'Everyone
 is working off the assumption that bigger is better. But from our perspective the jury is still out. Nobody has a case study of an advertiser who has used these larger ad sizes
 successfully.'



Baffled by the buzz
over skyscraper ads

Latest Big Thing but no evidence they work better

By Jeremy Schlosberg

  Tall vertical web ads are all the rage these days.
   Media buyers say they like them. More and more web sites are offering them. The leading internet advertising trade association, the Internet Advertising Bureau, recently endorsed them.
    And there are more and more of these so-called skyscraper ads on view around the web.
   During the fourth quarter of 2000, the number of vertical ads online, in a variety of sizes, increased some 70 percent, according to Jupiter Media Metrix.
    But there's a problem.
     No one has any idea whether they’re any more effective than banner ads.
   At least one industry analyst is positively flummoxed at how web sites and agencies alike are embracing an ad type that is more expensive than standard banner advertising and yet completely unproven.
   "Everyone is working off the assumption that bigger is better," says Christopher Todd, a Jupiter Media Metrix analyst. "But from our perspective the jury is still out."
    Todd says proof of the skyscraper's unsupported popularity can be found in a study released this week by the IAB, which recently endorsed skyscrapers, and the American Association of Advertising Agencies.
   Surveying participants at the AAAA’s trade show earlier this month, the study reported that fully 93 percent of respondents believe the new ads are more effective.
   And yet, as Todd points out, the study also reveals that only 26 percent of them had used any of the new, larger ad units yet.
   How do these people know that the ads are more effective? Todd asks.
   "Nobody has a case study of an advertiser who has used these larger ad sizes successfully," he says.
  Additionally, 43 percent of the respondents in the survey said they believe the new ad units warrant higher CPMs.
    But Todd argues that this makes little sense, given the industry’s widespread inability to offer any solid metrics for measuring or evaluating anything beyond click-through rates, says Todd.
   "The problem is that there is no clear value proposition for what online advertising is supposed to accomplish," he says. "It varies from publisher to publisher and from agency to agency."
    Without that, however, online advertising remains, for many advertisers and web sites, a complete shot in the dark compared to advertising on other media.
  "If you buy a TV spot it’s going to create brand awareness in front of a mass audience," says Todd. "But with online advertising, there really is no value proposition. Any inherent value that can be attributed to branding is just not being tracked."
   What’s worse, says Todd, is that the first case studies that are likely to emerge regarding the larger ad sizes online will probably focus on the higher click-through rates the ads may generate—which Todd feels will be completely beside the point.
   "Initially, click rates and response rates are likely to jump.

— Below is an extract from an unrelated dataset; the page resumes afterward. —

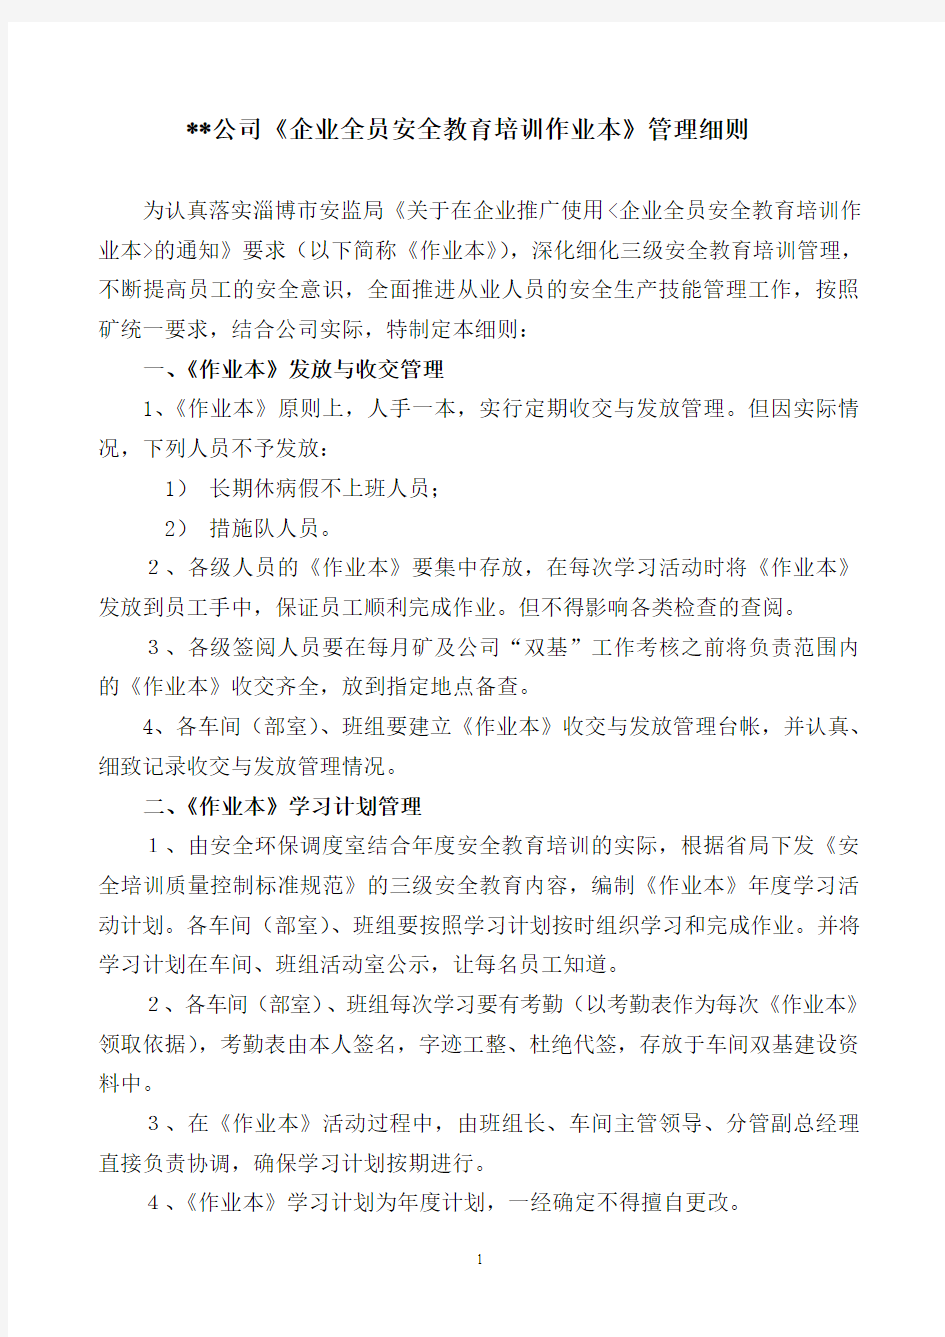 淄博市企业全员安全教育培训作业本管理细则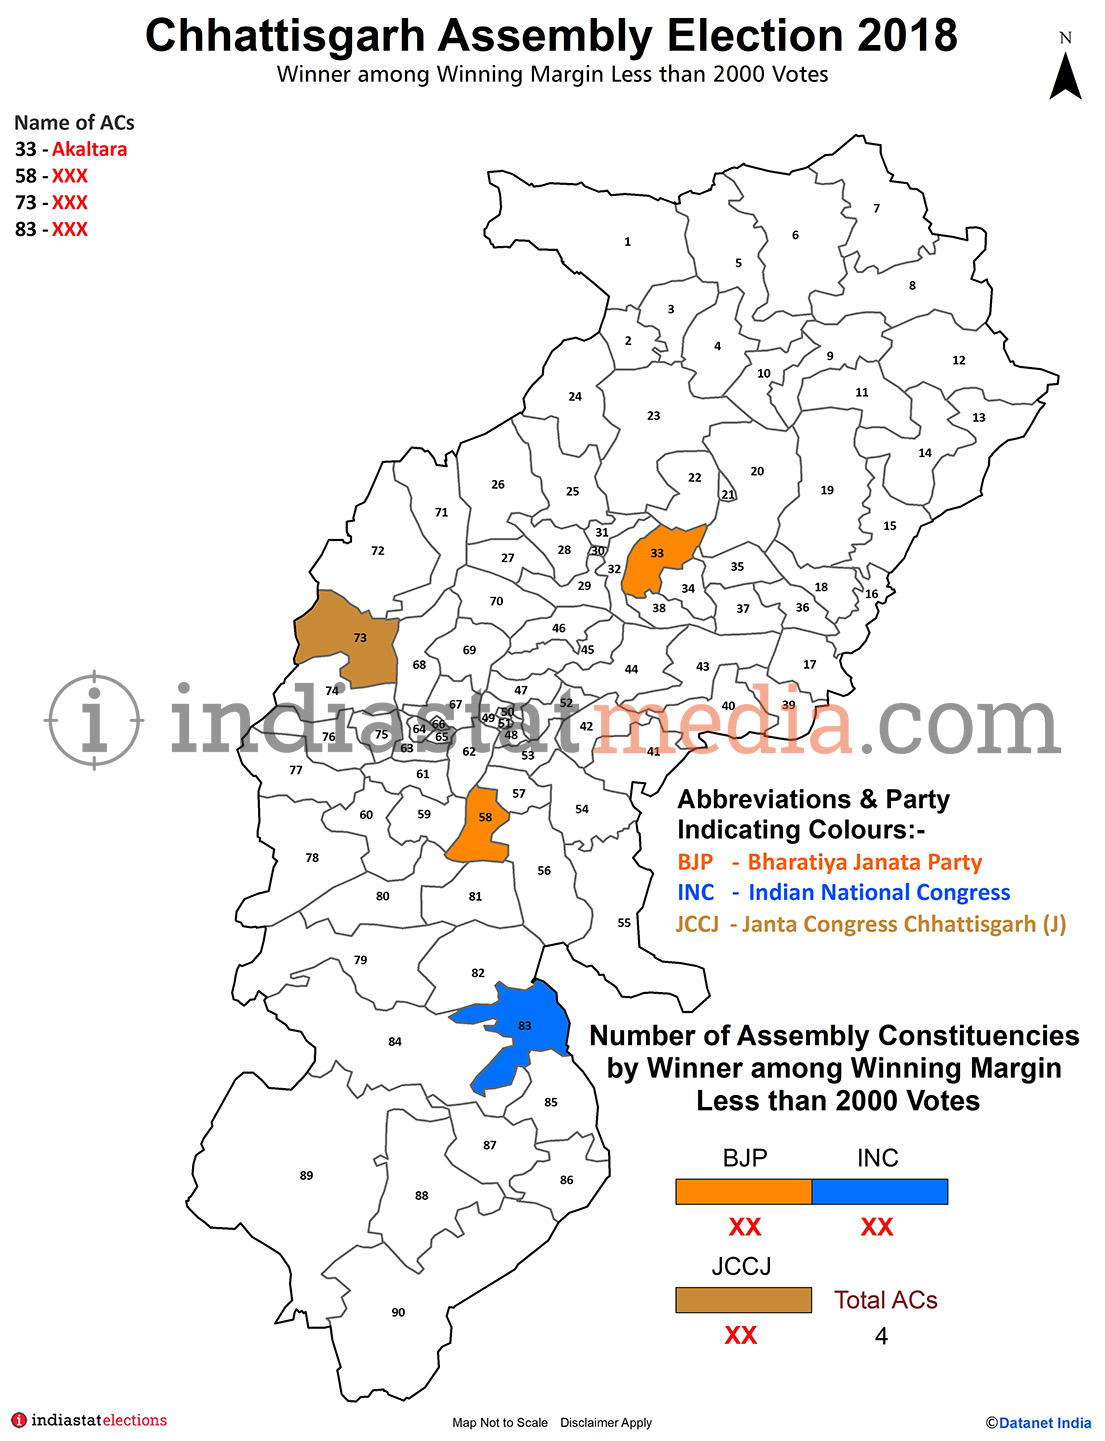 Winner among Winning Margin Less than 2000 Votes in Chhattisgarh (Assembly Election - 2018)

But over the course of time they’ll diminish and we’re back to where we started."
   Todd sees the industry as still punch-drunk on clicks, a measure that arose for little reason beyond the fact that clicking was possible.
   Certainly clicking on ads does not make design or context sense to users who, for example, are going onto a financial site to track their stocks or a food site to find a recipe or doing some other very focused web task.
  Todd believes web advertising will be far better served when few people talk about clicks anymore.
   "We’re going to have to unilaterally establish how online advertising is measured and what the value is. And we’re going to have to start focusing on brand impact and how it’s measured."
    Because neither skyscraper ads nor any of the other new larger ad sizes on the web have anything going for them yet but a wing and prayer, Todd figures their popularity is based far more on what they aren’t than what they are.
   What they aren’t are banner ads.
     "The new ads are larger, they’re more obtrusive, and they’re something fresh," he says. "Banner advertising for the most part has become very stale. There’s not a lot of excitement about them anymore. In the current ad market, publishers are struggling to sell any kind of inventory."